Is it a placebo, with your mind tricking your body into thinking you’re stronger or more energized than you actually are? Or do these tingle-inducing powders push your workouts to the limits?

Research shows that these caffeinated powders can improve focus (2016), enhance upper-body strength mid-workout (2018), and improve endurance by 14% in fatigued athletes (2016).

If you tend to fizzle out halfway through your workout, pre-workout is a must!


Creatine is a naturally occurring amino acid found in the muscles, responsible for everything from cellular energy to proper muscle contractions.

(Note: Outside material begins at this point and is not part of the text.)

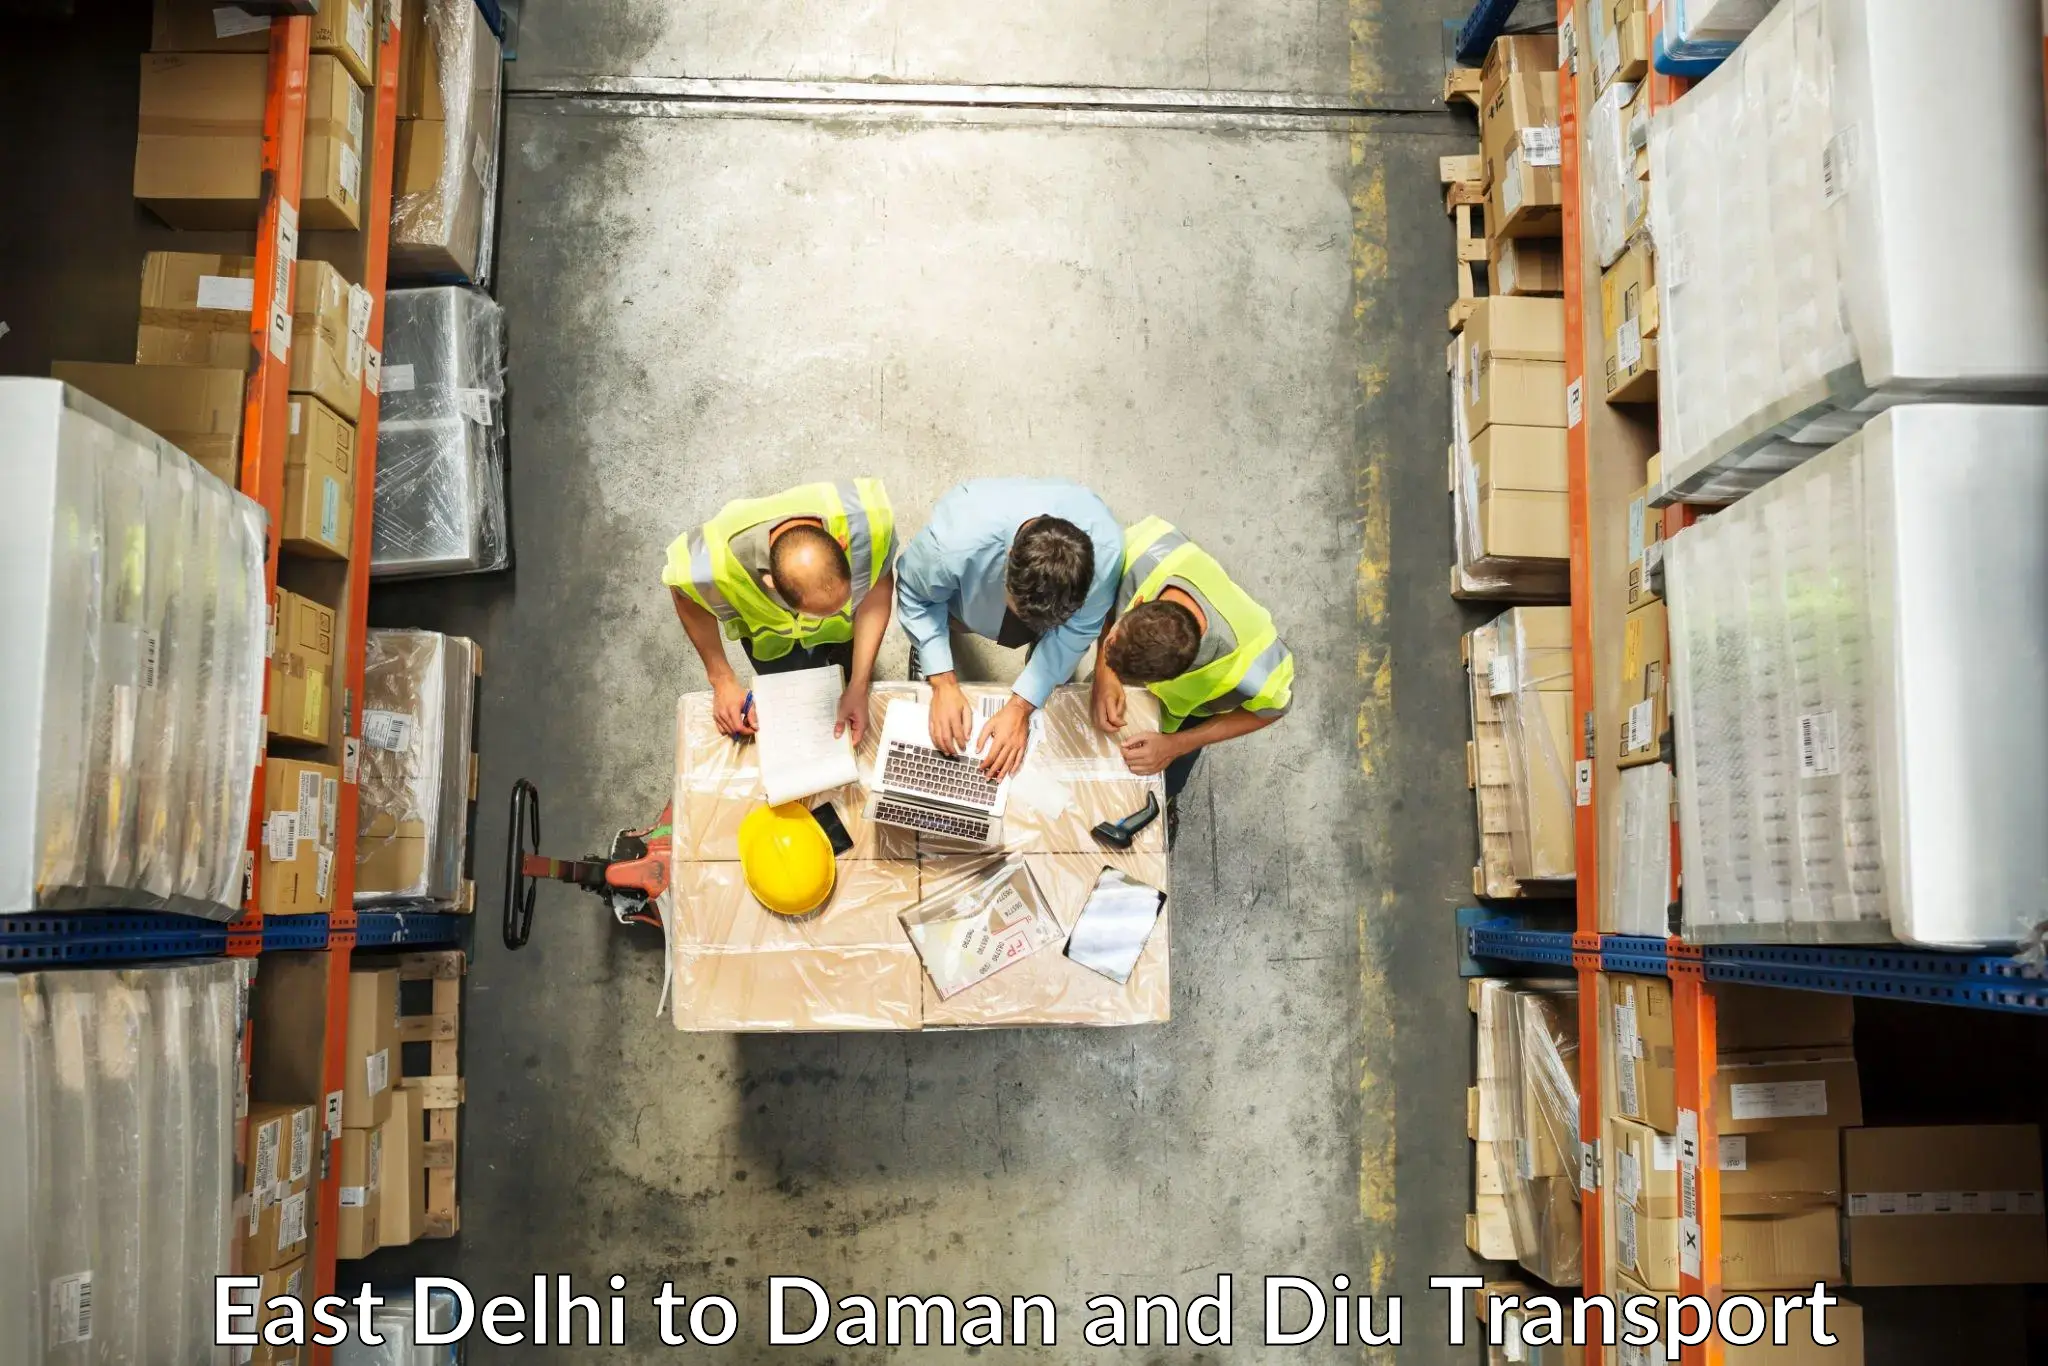 Furniture transport service East Delhi to Diu

But it’s also a fan-favorite supplement!

This easy-to-mix white powder can drive both strength and mass gains, and there’s plenty of research to back up those claims.

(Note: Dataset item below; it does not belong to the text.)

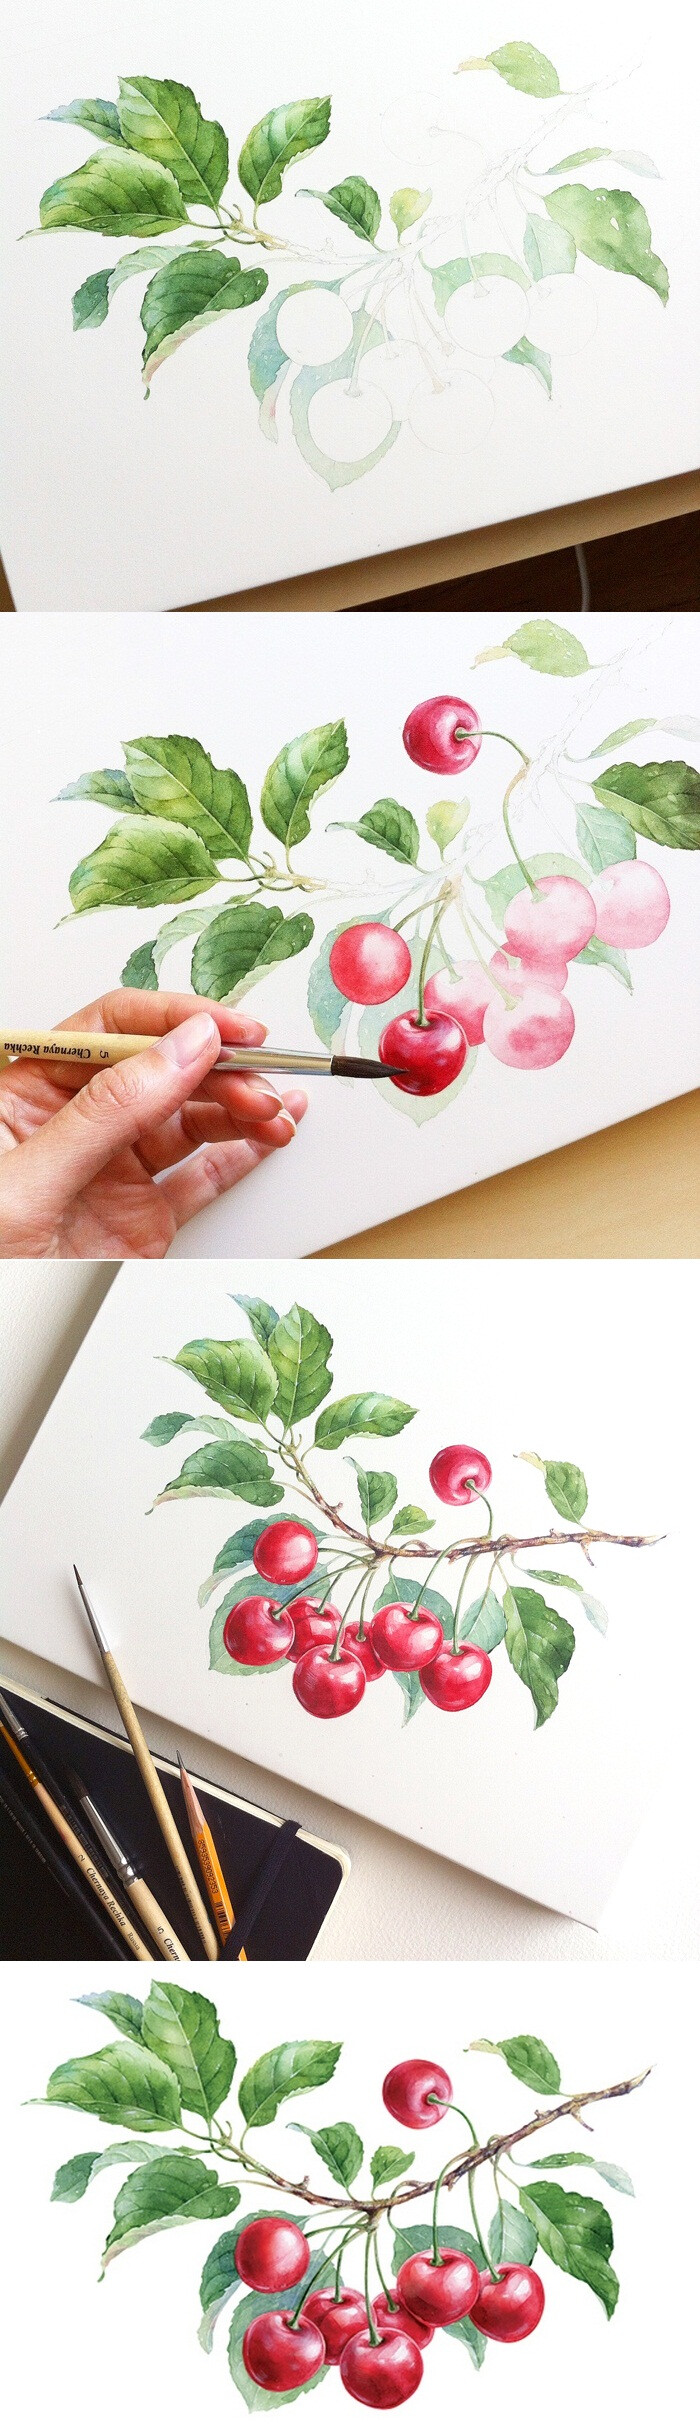 樱桃 水彩 绘画教程 俄罗斯艺术家Natalia Tyulkina

For example, after using creatine for just nine weeks, college football players added 8.7% to their squat, 3.8% to their power clean, and 5.2% to their bench press (2001).

Creatine combined with resistance training can also boost strength by 8% more and athletic performance by 14% more than placebo groups (2003).

Whey Protein Powder

Whey protein is one of the best ways to encourage muscle protein synthesis and repair after a resistance training (or even a cardio) workout.

Try to choose a powder with at least 20 grams of protein per scoop, 80% protein content or higher, and as few filler and artificial ingredients as possible.

Dump a scoop into your shaker bottle, add cold water or milk, and don’t forget to schedule your post-workout protein so that it falls within the so-called “anabolic window”

How Much Lean Mass Can You Add Per Month?

The “I swear I’m natty” crew reminds us of the Parks & Rec scene where Andy returns 50 pounds lighter (while Pratt was training for GotG) and chalks it up to “I stopped drinking beer.”

Except Parks & Rec was a literal sitcom (R.I.P Lil’ Sebastian), and the character dropping that zinger also thought Buckingham Palace was Hogwarts minutes before that.

Realistically, it could take 8–12 weeks until you see somewhat thicker, more well-defined muscles when you snap your latest progress pics.